Artifacts Mapping: Multi-Modal Semantic Mapping for Object Detection and 3D Localization

Federico Rollo,Gennaro Raiola,Andrea Zunino,Nikolaos Tsagarakis,Arash Ajoudani
2023-11-22
Abstract:Geometric navigation is nowadays a well-established field of robotics and the research focus is shifting towards higher-level scene understanding, such as Semantic Mapping.
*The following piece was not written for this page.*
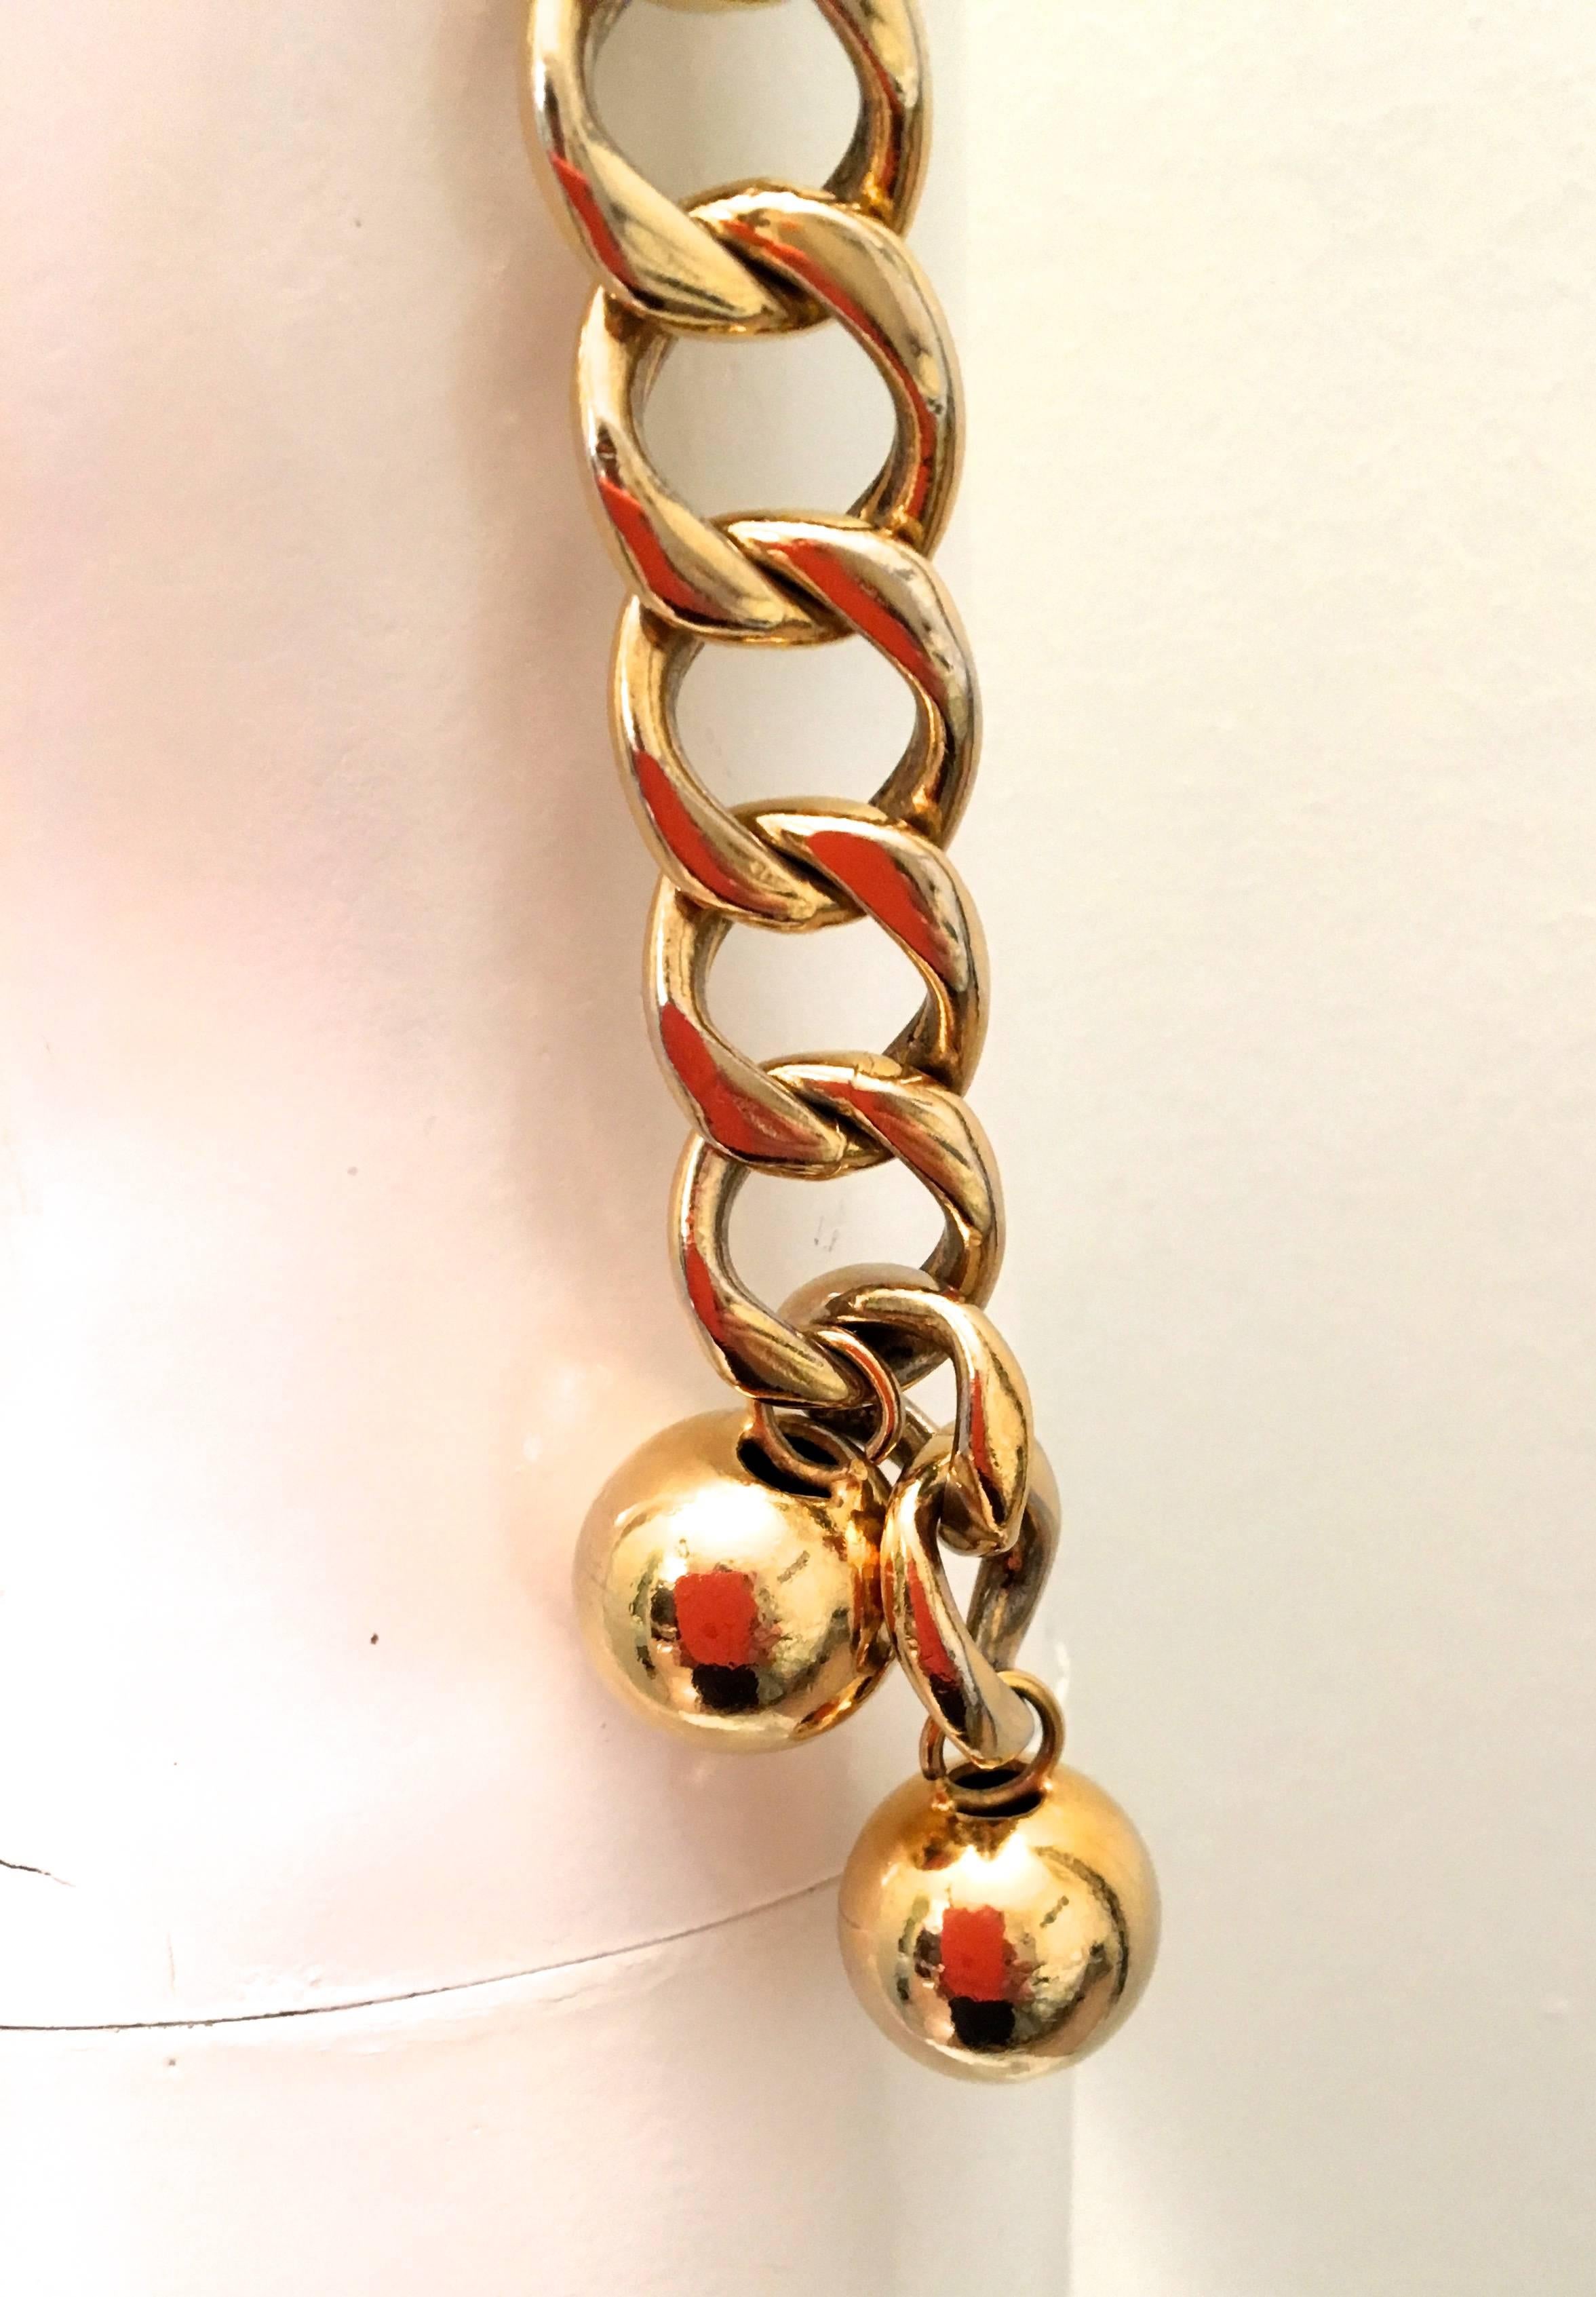 Presented here is a Chanel gold tone metal chain belt. The belt is comprised of links that are 1 inch long and .8 inches wide. One one side of the belt, there are two rows of links and the other side has a singular row depending upon the style of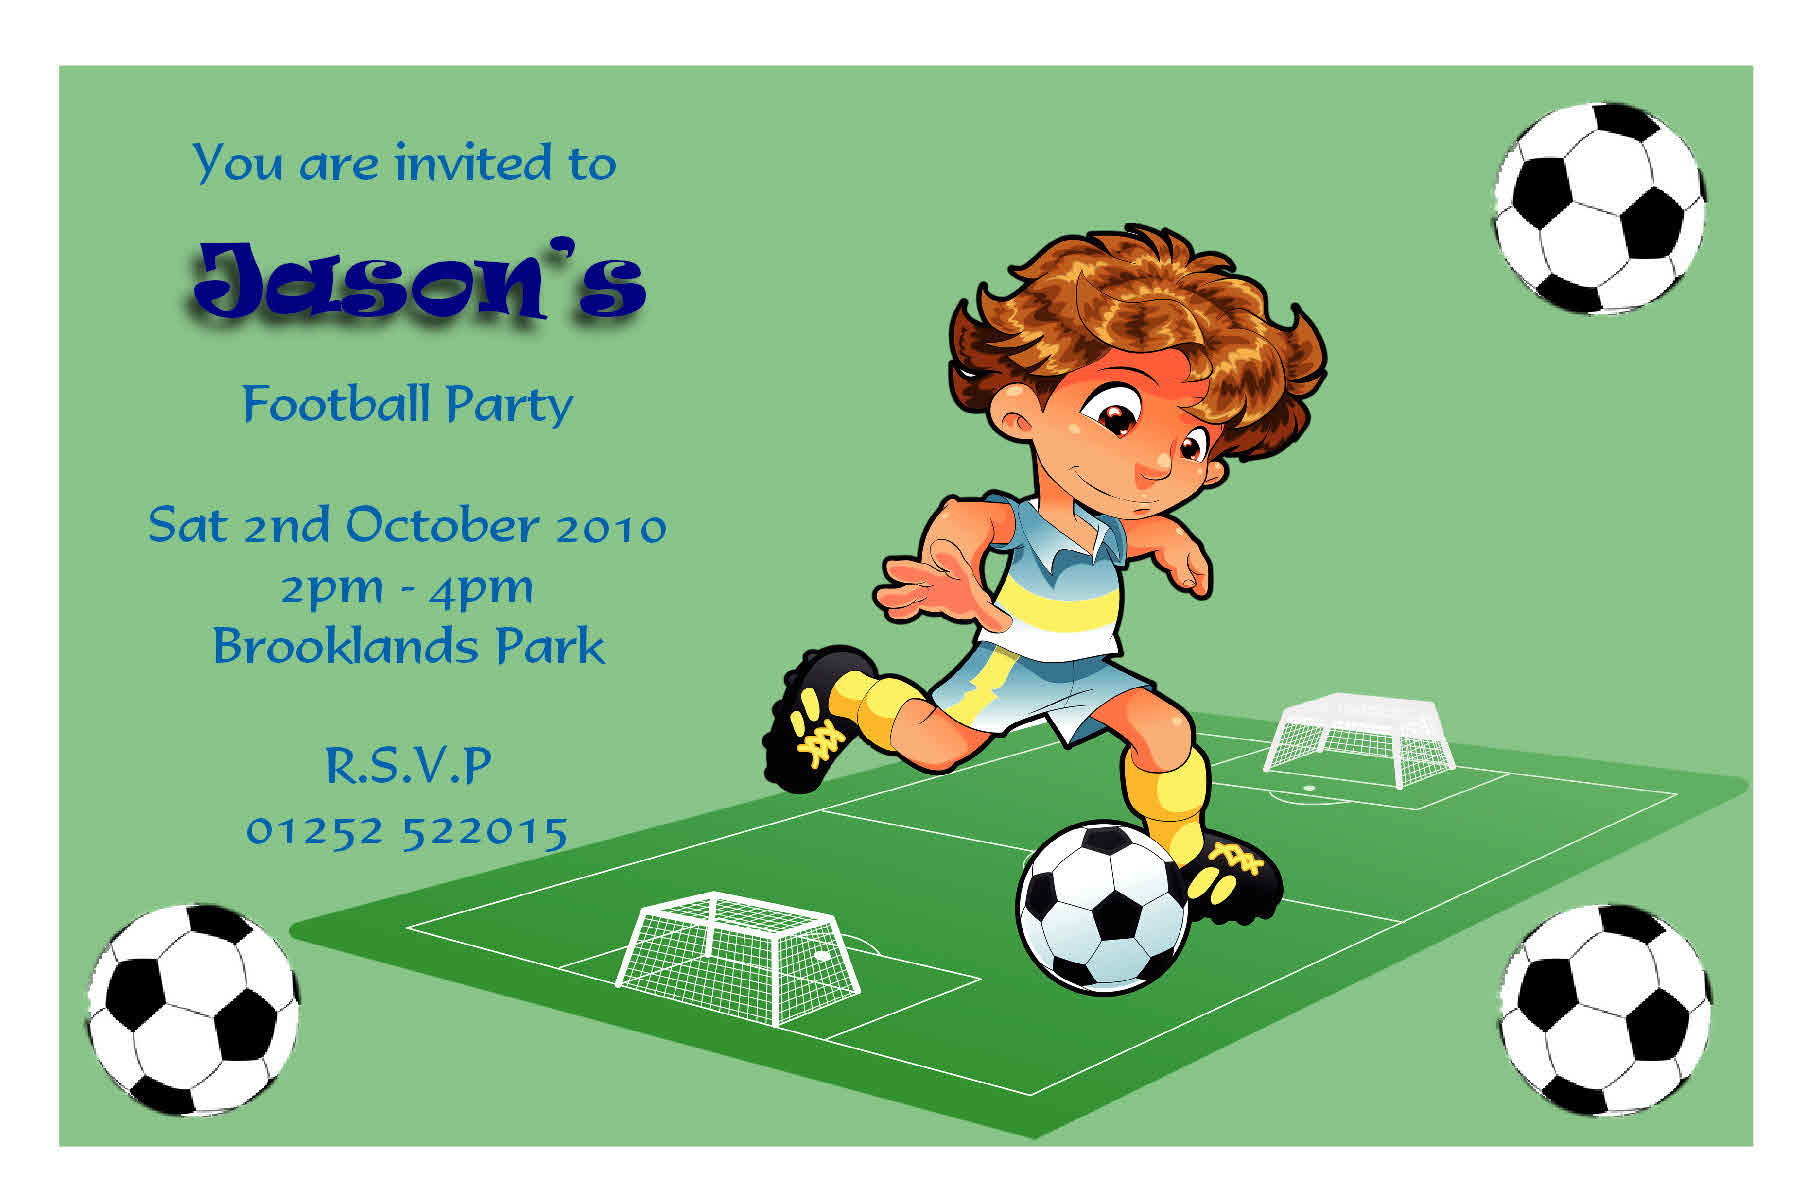 Birthday Party Invitation Template Free Download

When a robot needs to interact with its environment, it must be able to comprehend the contextual information of its surroundings. This work focuses on classifying and localising objects within a map, which is under construction (SLAM) or already built. To further explore this direction, we propose a framework that can autonomously detect and localize predefined objects in a known environment using a multi-modal sensor fusion approach (combining RGB and depth data from an RGB-D camera and a lidar). The framework consists of three key elements: understanding the environment through RGB data, estimating depth through multi-modal sensor fusion, and managing artifacts (i.e., filtering and stabilizing measurements). The experiments show that the proposed framework can accurately detect 98% of the objects in the real sample environment, without post-processing, while 85% and 80% of the objects were mapped using the single RGBD camera or RGB + lidar setup respectively. The comparison with single-sensor (camera or lidar) experiments is performed to show that sensor fusion allows the robot to accurately detect near and far obstacles, which would have been noisy or imprecise in a purely visual or laser-based approach.
Robotics,Computer Vision and Pattern Recognition
What problem does this paper attempt to address?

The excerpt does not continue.